FHIR was used to address the challenges of automating appointment scheduling and insurance claims processing of Hong Kong’s largest third-party administrators (TPA). A custom FHIR facade was deployed for appointment management, enabling real-time data exchange to book appointments and manage patient check-ins. Simultaneously, a centralized Clinical Data Repository (CDA) was established to aggregate clinical data from multiple Electronic Health Record (EHR) systems, ensuring comprehensive data availability for decision-making.
How to Work With the FHIR Data Model?
The complexity and diversity of clinical data can challenge effective FHIR implementation. The data mapping can help integrate healthcare data that come in legacy formats into the FHIR standard data model.

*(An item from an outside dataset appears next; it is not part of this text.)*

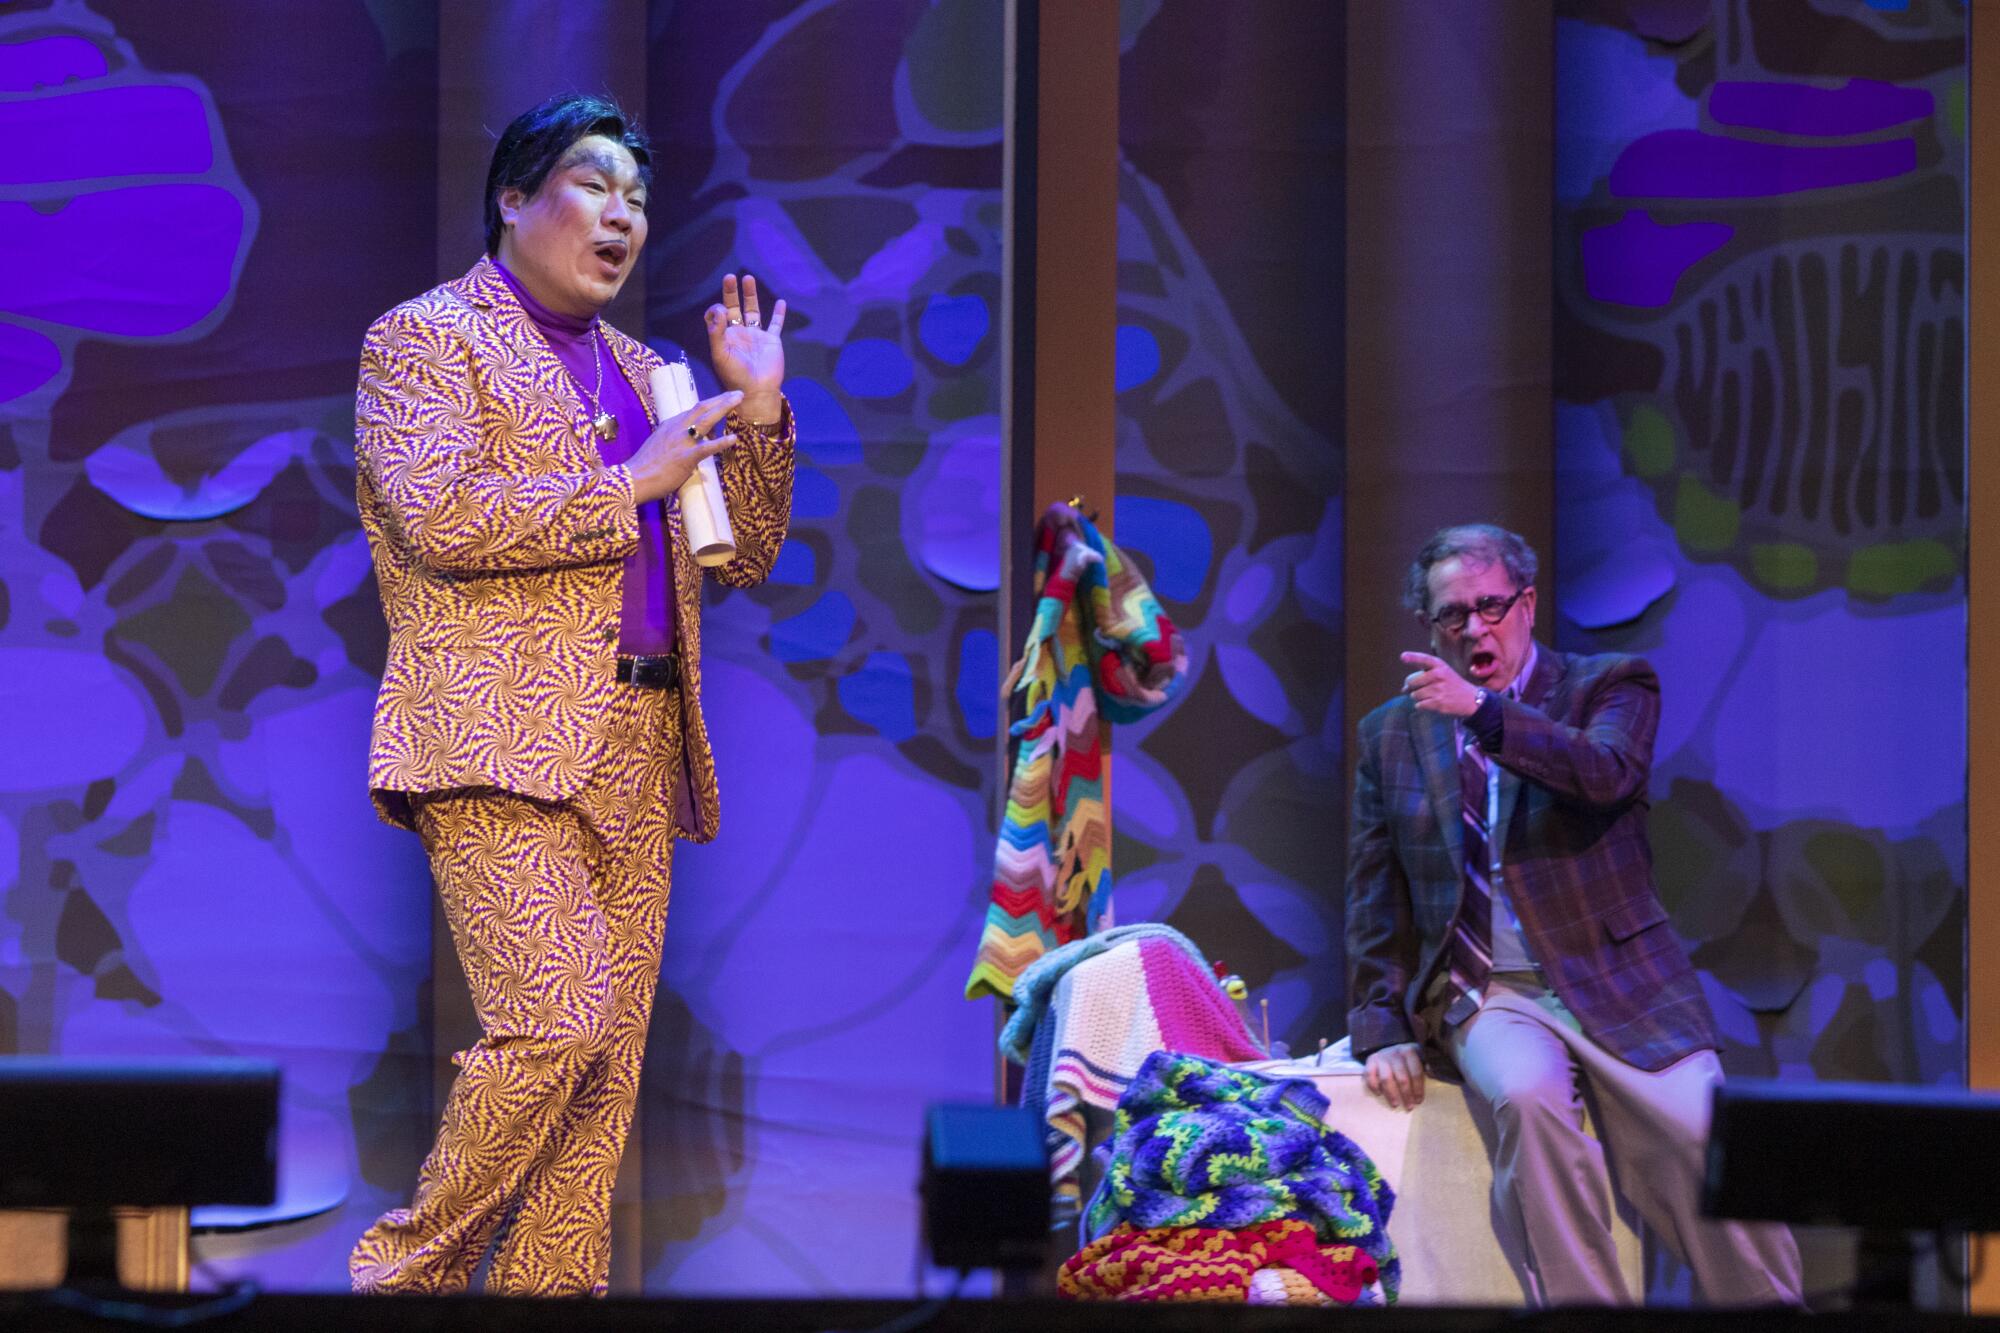 San Diego Opera's "The Barber of Seville."

Achieving seamless communication and interoperability in healthcare requires mapping healthcare data to HL7 FHIR. However, the complexity and diversity of clinical data make FHIR implementation challenging. The Kodjin FHIR Mapper addresses the complexities of data mapping, making FHIR implementation more efficient and less time-consuming. This tool employs different functionalities to map one resource into another.
With the Kodjin Data mapper, data analysts can easily customize resource templates to meet specific requirements. The mapper utilizes functions like _if, _ifnot, _foreach, and _flatten to map resources accurately and effectively. Additionally, the Kodjin FHIR Mapper serves as a FHIR facade, simplifying complex backend processes to present a user-friendly interface for FHIR data mapping in healthcare. It also facilitates more straightforward hl7 data integration with third-party systems, enhancing care coordination. The mapper ensures data accuracy, consistency, and quality, improving patient care.
By mapping healthcare data to FHIR, healthcare organizations can ensure that their data is standardized, structured, and ready for exchange between different systems and applications.
Our certified FHIR experts have extensive experience mapping healthcare data to to resources in the FHIR format using proven methodologies to ensure the highest accuracy of the mapping. By partnering with Kodjin, you can save time and resources while ensuring your data is mapped according to the HL7 FHIR data standard. We are ready to direct our extensive experience, energy, and healthcare domain expertise to your project’s best advantage.
Wrap-up
As healthcare technology advances, the popularity of the FHIR standard grows since this standard allows for addressing the challenges of healthcare data management and healthcare data interoperability.
There are several efficient ways to implement the FHIR approach to data management and exchange, even without the need to build an FHIR-first system from scratch. Edenlab’s team of FHIR engineers will help you with FHIR implementation and healthcare data exchange optimization.
Schedule a consultation with our FHIR experts to get details on the custom FHIR development services and to explore what tools from the Kodjin Interoperability Suite will cover your project’s needs.
FAQ
What are the advantages of the FHIR Data Model in Healthcare?
The FHIR data model allows for applying a standardized data exchange mechanism, facilitating seamless communication among various healthcare systems.
How does FHIR impact decision-making in healthcare?
Resources allow for consistent data representation, which supports semantic interoperability, where exchanged data retains its meaning across diverse systems, ensuring accurate data-driven decision-making.
How to Implement FHIR?
Health organizations can ensure effective FHIR implementation by assessing current workflows, selecting appropriate resources, and using tools like the Kodjin FHIR Mapper for seamless data integration.